There's life in the mainframe yet as IBM launches new offerings


IBM's S/360 mainframe celebrated its 50th birthday on Monday. It was the machine that turned IBM into a corporate colossus, but because it was smaller and faster than other offerings of the early 60s it also put big-league computing power in the hands of businesses, not just governments and universities.

Since the personal computer revolution of the 1980s people have been predicting the death of the mainframe at the hands of distributed low-cost servers, but the big beasts continue to stalk the land of serious business computing.

Launching several new products for the S/360's descendant the System z this week, IBM has reaffirmed its commitment to the mainframe. The latest offerings are designed to provide customers with a platform for the rapid development and deployment of mobile applications and for the complete integration of these with their core business processes, applications and data.

The mainframes include a new generation of flash storage which can provide up to 30 times the performance of hard disks. There's also zDoop, a commercial implementation of the Hadoop big data platform for Linux on System z, and a new version of the venerable CICS transaction server with enhanced cloud and mobile support.

It's also launching a new IBM Enterprise Cloud System providing an integrated platform, built on open standards, for clients and service providers looking to rapidly build out a trusted cloud environment capable of supporting mission-critical workloads.

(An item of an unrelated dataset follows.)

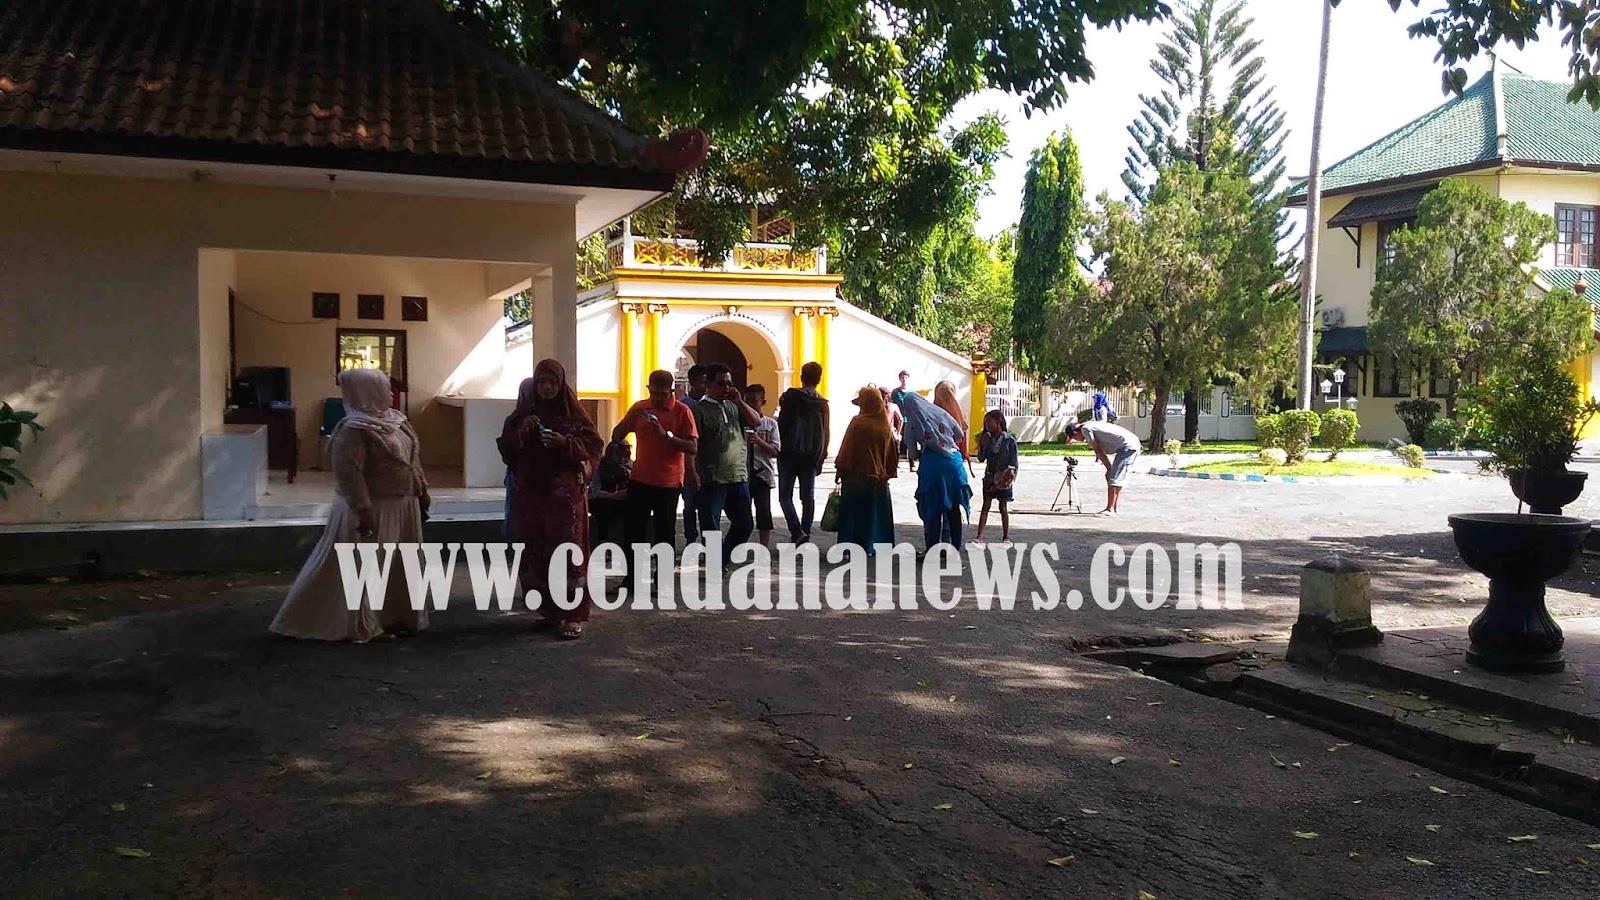 Libur Lebaran Pengunjung Museum Keraton Sumenep Meningkat Hingga Suasana Mendatangi

There's a new pricing model too which will allow service providers to pay for Linux-based mainframe cloud infrastructure over time based on their compute consumption, rather than on system capacity. IBM's press release for the launch claims that, "Thanks to higher system efficiency and greater scalability, the total cost of some Linux on System z cloud deployments can by up to 55 percent less than comparable x86-based cloud infrastructure".